My recovery update

Hey everyone! Thought I'd share a bit about where I am on my recovery journey.

For years my recovery from addiction was more about codependency. Finding my value in another person..I was in a toxic relationship that took me a long time to get out of. I went to Codependent Anonymous and learned a good bit about recovery.

Felt good. Once out of that relationship, I decided I would be a social drinker. I hadn't drank in nearly 20 years because when I met my husband, he didn't drink and we just decided not to drink...After a divorce, I ended up in a toxic relationship with someone in recovery, so I still chose not to drink. But when that ended, I said, "Well hello beer!" and was happy about it.

Now I'm very conscious about addiction. My dad was an alcoholic. My background is addiction and mental health. I know all about alcoholism...so I'm pretty attune to my drinking habits and strive to be in balance.

but you know there were times in the past 3 years that I drank to cope. There were times when I got drunk, remembering how much hangovers suck.
There were also times that I "social drank" and had a great time. There were also times I was pretty buzzed/drunk and well, had some fun because let's be honest. sometimes losing inhibitions can just feel freeing.
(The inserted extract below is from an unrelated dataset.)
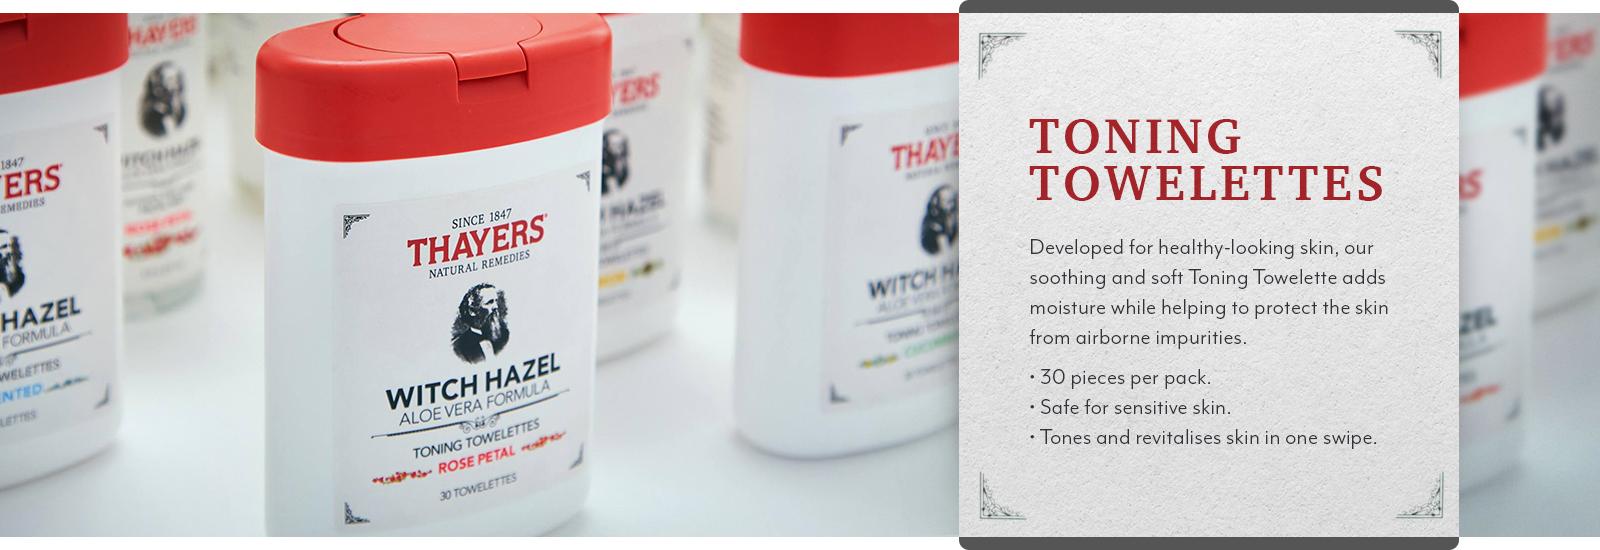 Thayers Toning Towelettes

I entered a relationship with someone new. she drinks socially sometimes. not an addict in any shape or form. but I noticed I began drinking to feel more comfortable around people. I drank alone while doing chores, yardwork, projects...and sometimes I would start off all happy...and then after a few...get down. I knew that maybe I couldn't be a drinker or at least had to cut way down.

so I did. I read a book called This Naked Mind and it shed a lot of light for me on how alcohol really has no real value. none. and using it as social courage...well, that's just not how I want to roll.
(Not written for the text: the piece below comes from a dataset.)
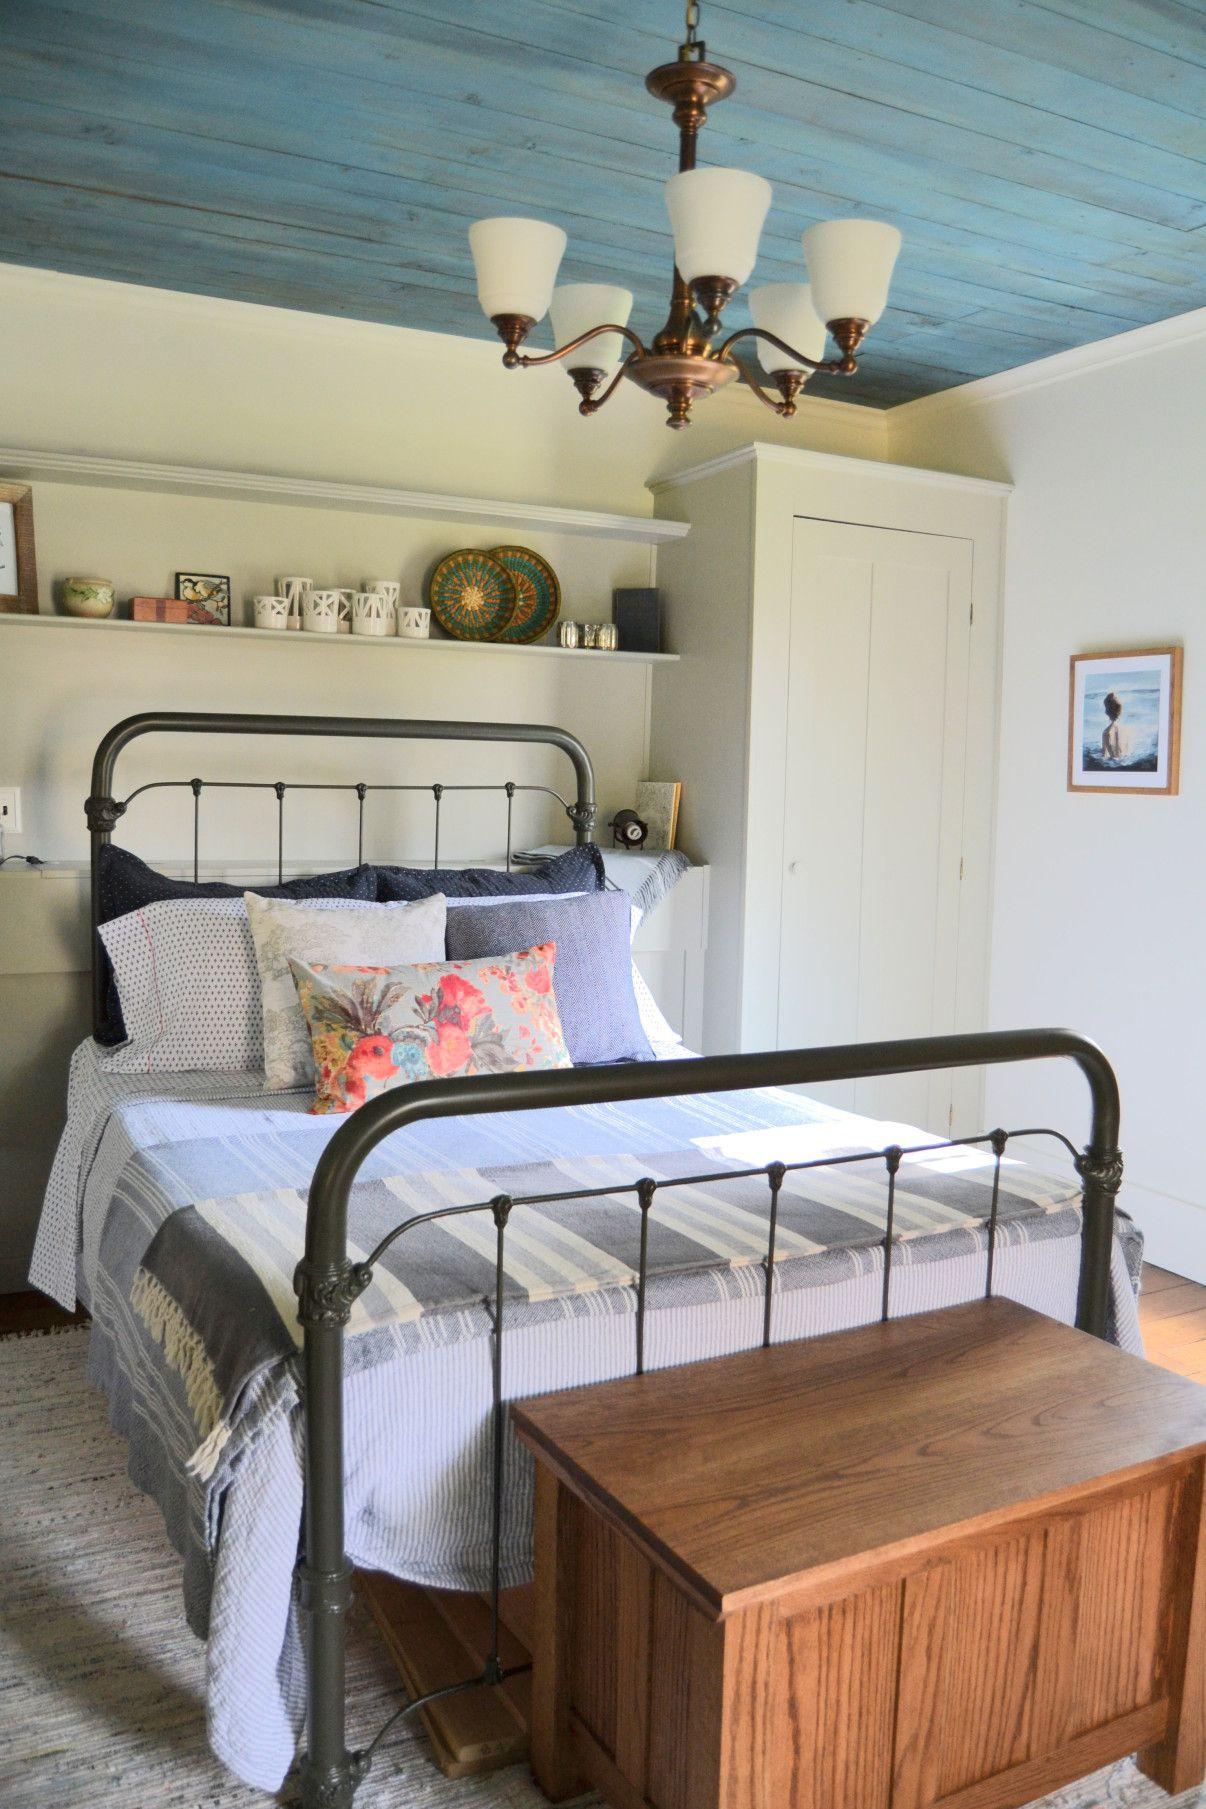 Farmhouse Cottage Bedroom Master Bedrooms Decor Bedroom Design Home Decor Bedroom Cottage bedroom ideas photos

so, I stopped drinking...for the most part. I've drank twice in 2 months, yet I don't want to drink at all ever. but I also don't want to put that pressure on myself. does that make sense?
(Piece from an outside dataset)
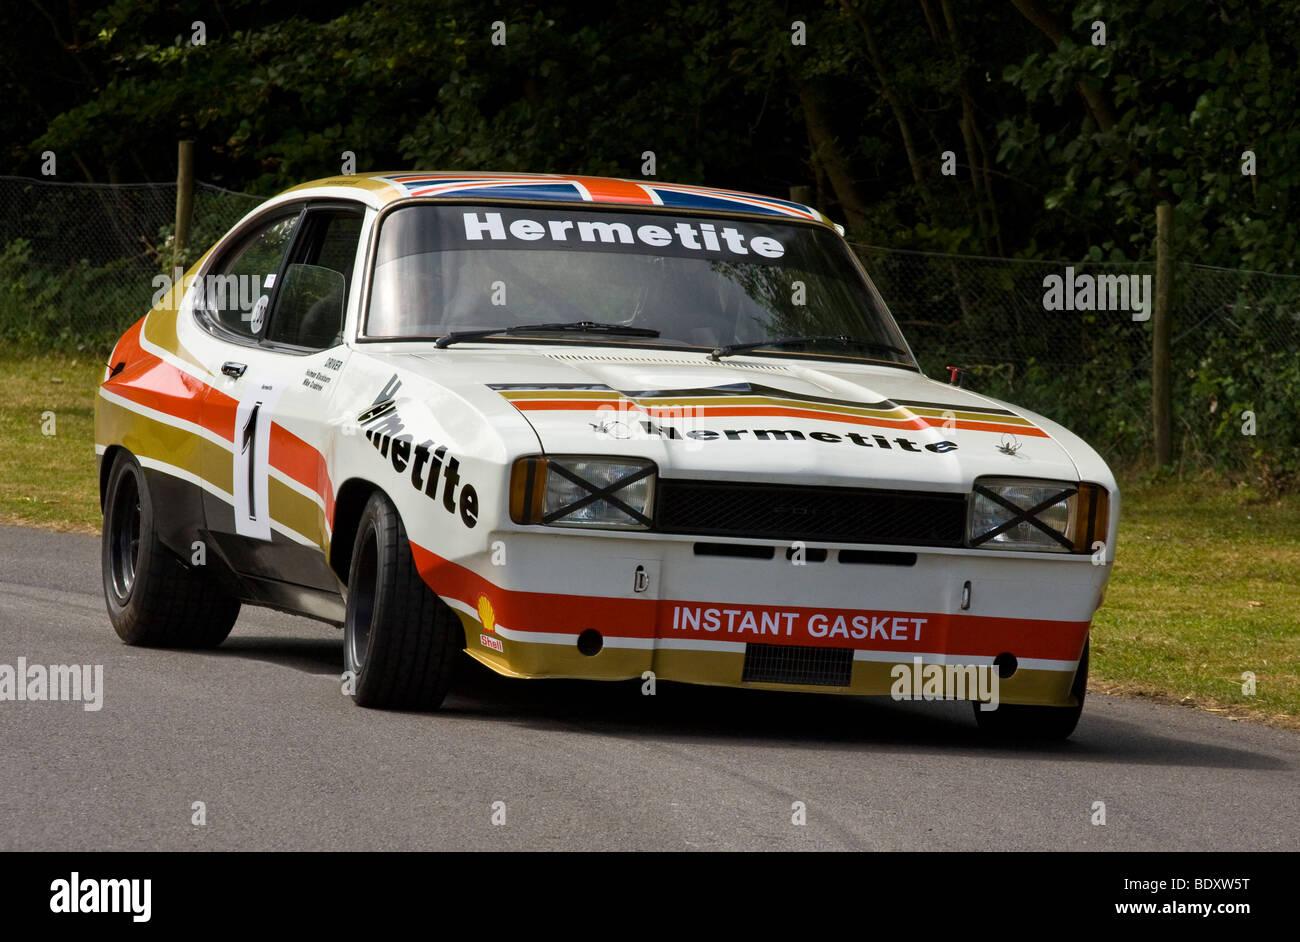 1974 Hermetite Ford Capri Mk2 3000 Gt With Driver Holman

i'm tough on myself. I don't like to altar my state. for those of you who think it's easy to just "stop".. well, even for the occasional social drinker, stopping for good can pose a challenge. in fact, I imagine many social drinkers would have a tough time going 1 year without it. it's become so engrained in our culture.

so, for now, I choose not to drink. I want to be that non-drinker I was for nearly 20 years. now I take Kombucha to gatherings to drink. the ginger one sort of reminds me of beer, and well, I do like the taste of beer.

sometimes I miss it...or the feeling that I felt when i'd have that music on and busy with a project...but I just don't think it was the booze that created that feeling. i can feel that sober. and do.